The session lifecycle

A voice session looks like this:

Code

POST /v1/voice/sessions
→ { session_id, livekit_url, livekit_token, stt_model, llm_model, tts_voice }

Your client connects to the WebRTC room with the returned token. The agent process — running server-side — joins the same room, subscribes to your microphone track, and publishes its synthesized response track back. Both directions are bidirectional and continuous; the user can interrupt, the agent will stop speaking, and the next turn begins.

Sessions are tenant-scoped.
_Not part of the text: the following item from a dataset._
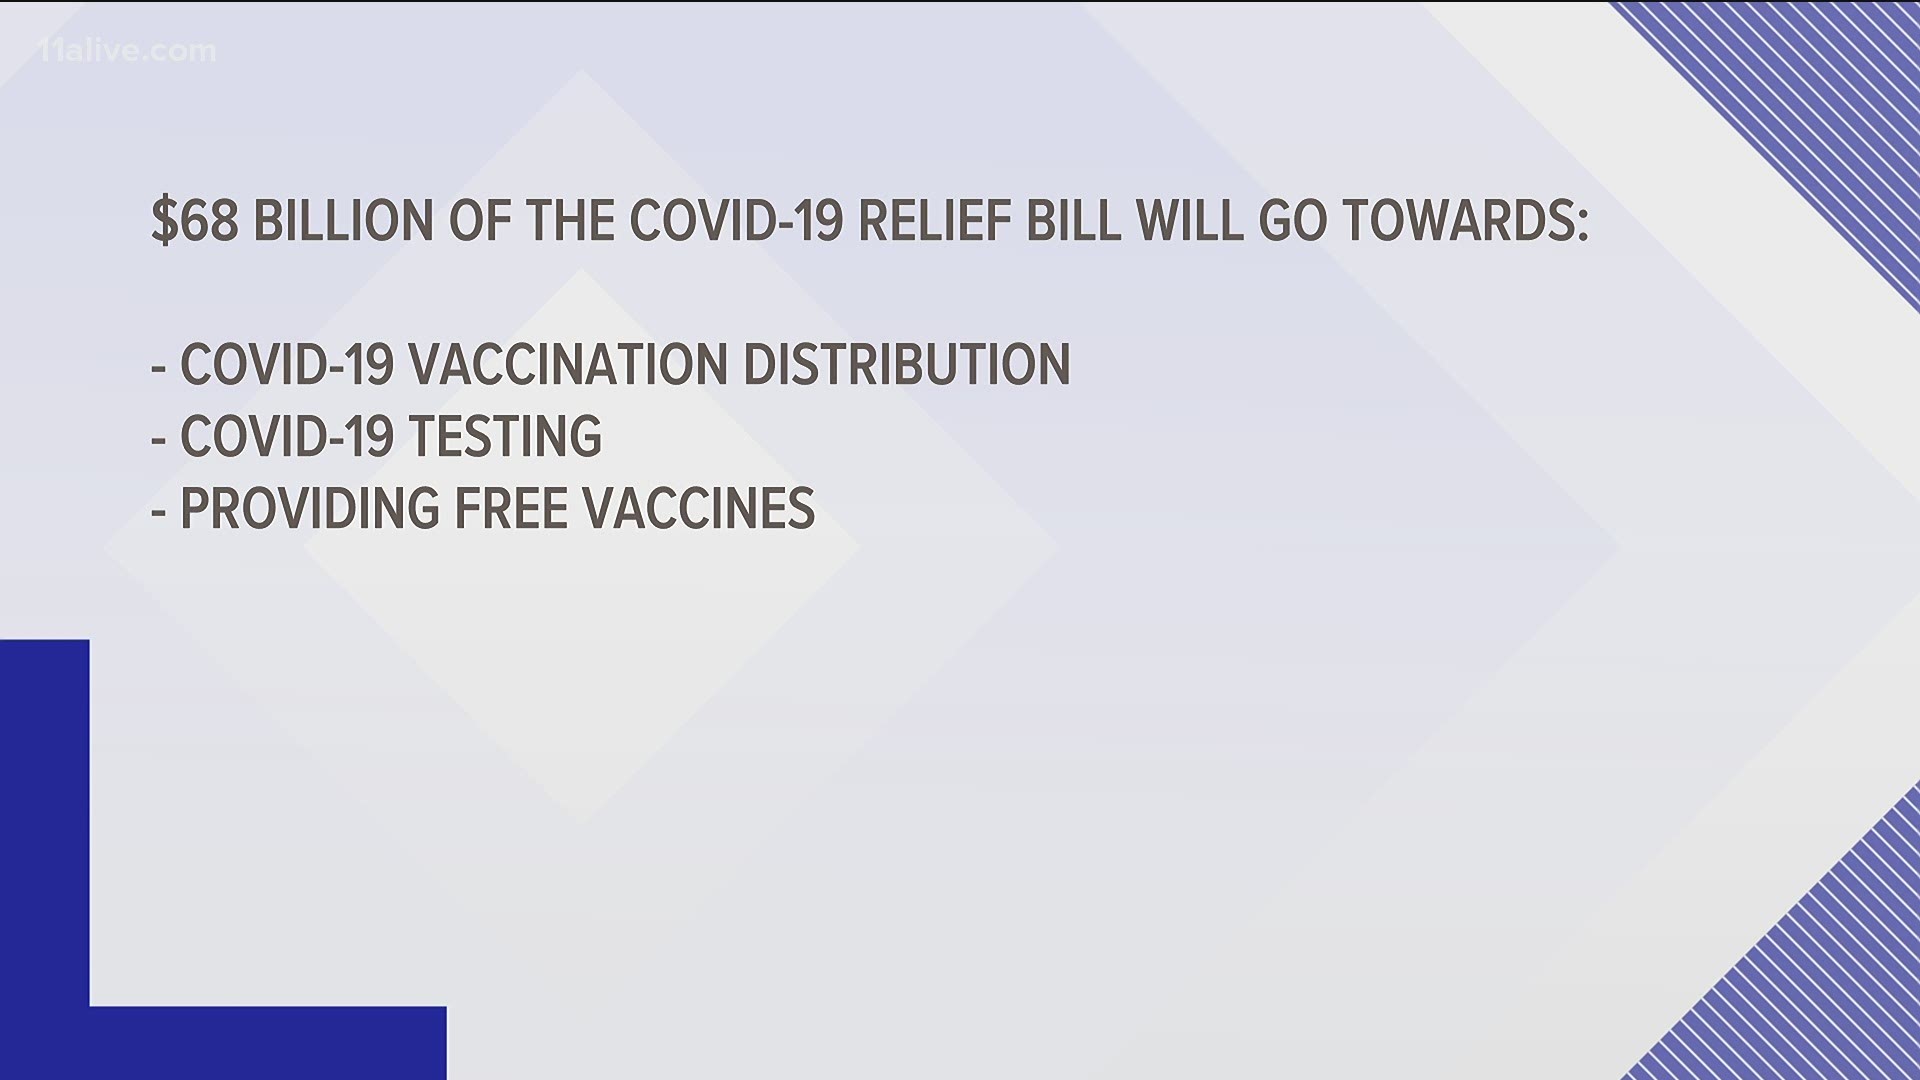 Relief for healthcare systems could be on the way through the COVID-19 relief bill.

Each cm_* API key creates and manages sessions only for its own tenant. Session usage (minutes, model calls, audio bytes) is metered for billing and exposed via /api/v1/analytics.

Where latency actually comes from

Sub-second perceived latency is the goal. Time-to-first-audio (TTFA) is the metric that matters — how long after the user finishes speaking until the agent's voice begins. In 2026, a tight stack looks like:

Endpointing / VAD: 100–200ms (deciding "the user stopped")

STT finalization: 50–150ms (closing out a streaming partial)

LLM time-to-first-token: 200–400ms

TTS first audio chunk: 75–250ms

Network + jitter: 30–80ms

Adding these up: a well-tuned voice agent ships first audio in 600–900ms. CallMissed is configured for that envelope by default. The hot-path discipline (no DB writes, no pre-yield work) is enforced server-side so adding instrumentation does not silently regress latency.

Picking models for your use case

CallMissed exposes a curated catalog through a single API call:

Code

GET /api/v1/models?service=llm
GET /api/v1/models?service=stt
GET /api/v1/models?service=tts

For each service we surface only the models we can route to in production. You set the llm_model, stt_model, and tts_voice per session. Common shapes:

Customer support / scheduling: balanced LLM + Indian-language-aware STT + a low-latency TTS voice

Long-form research conversations: larger LLM with extended context + an instructable TTS for tonal control

Outbound voice: a tighter prompt + the lowest-latency voice you can find

We do not lock you into a single backend. If the best STT for your customers is multilingual, pick that; if it is English-only, the catalog has those too.

Knowledge bases and bots

A voice agent is most useful when it knows things. CallMissed bots are a structured wrapper around a system prompt, a knowledge base, and a model configuration. Attach a knowledge base to a bot, attach the bot to a voice session, and your agent answers from your documents instead of generic web knowledge.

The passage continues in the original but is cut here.